The face-melting speeds of TMD

CSV

Clojure

Published

2024-01-09

As a Data Scientist, one of the first things I do when trying a new language is read in a CSV, so that I have some data to kick around. When trying this with Clojure’s built-in clojure.data.csv library, I noticed that it was really quite slow. To demonstrate this, I’ll use the nycflights13 dataset which is available from here.

And here’s the code I wrote to read the file:

(require '[clojure.data.csv :as csv]
         '[clojure.java.io :as io])

(defn csv->df [file-path]
  (with-open [reader (io/reader file-path)]
    (let [in-file (csv/read-csv reader)
          names (map keyword (first in-file))
          data (rest in-file)]
      (zipmap names (apply mapv vector data)))))

After loading the necessary libraries, I define a function for reading CSVs, csv->df. I define a reader, which I pass to read-csv to load the data. After that, I parse the first row as column names and the rest of the rows as data. The data is placed into vectors — one per column using (apply mapv vector data) — each of which is associated with a column name in a map using zipmap. And that’s it. Nothing too fancy or complicated. But the performance isn’t great.
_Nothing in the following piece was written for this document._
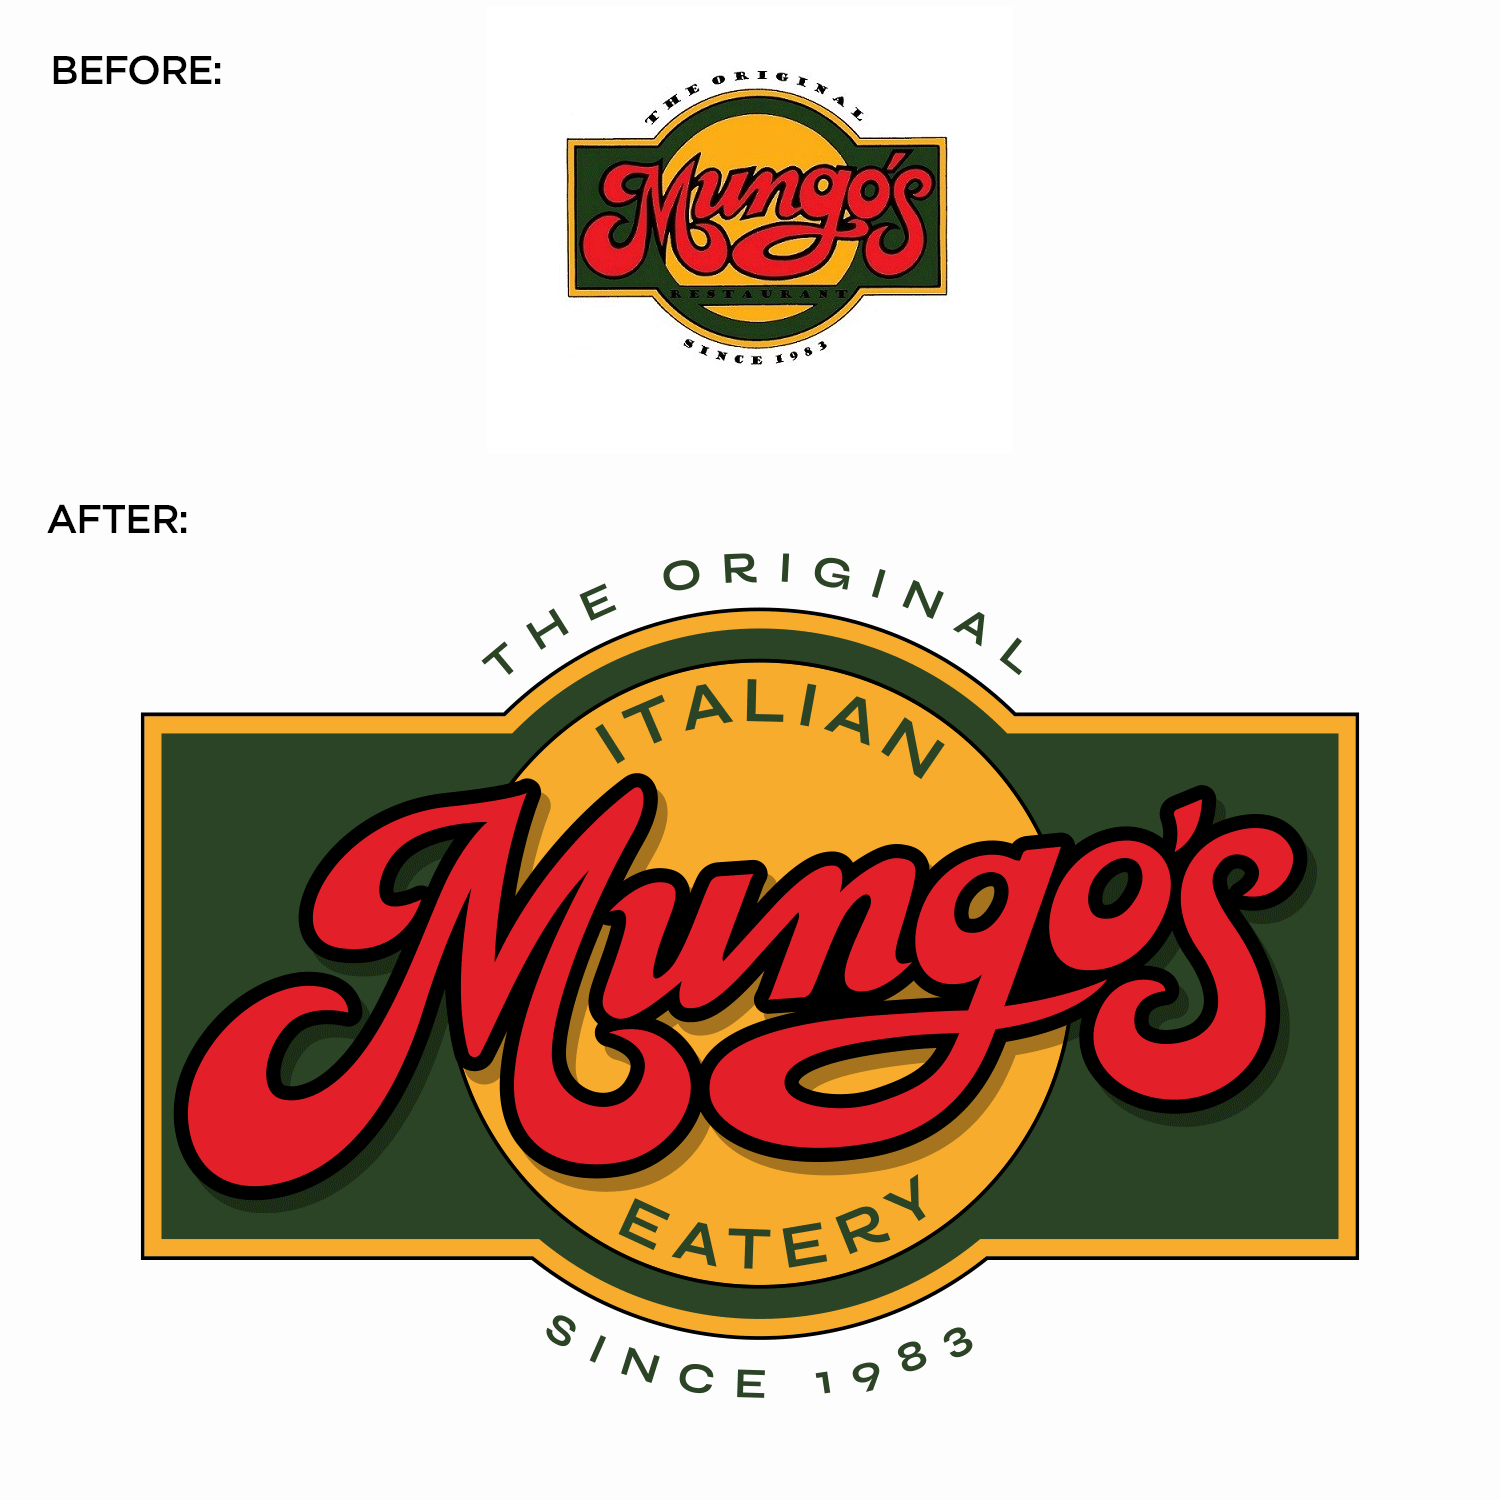 mungos logo before after 2

(time (csv->df "data/flights.csv"))
;; "Elapsed time: 8267.756866 msecs"

So, around 8 seconds to read a file with 336,776 rows and 19 columns. Thankfully, the folks at TechAscent have developed a high-performance data library that reduces run time substantially. tech.ml.dataset’s ->dataset function can read CSVs into data structures that are essentially augmented maps of vectors — augmented because they also include column typing, for example — which is what I was aiming for with my initial code. Here’s the TMD way of reading a CSV:

(require '[tech.v3.dataset :as ds] 

(time (ds/->dataset "data/flights.csv")) 
;; "Elapsed time: 2289.541069 msecs"

Note, however, that it reduced the run time by around 75%, clocking in at around 2 seconds. Very cool!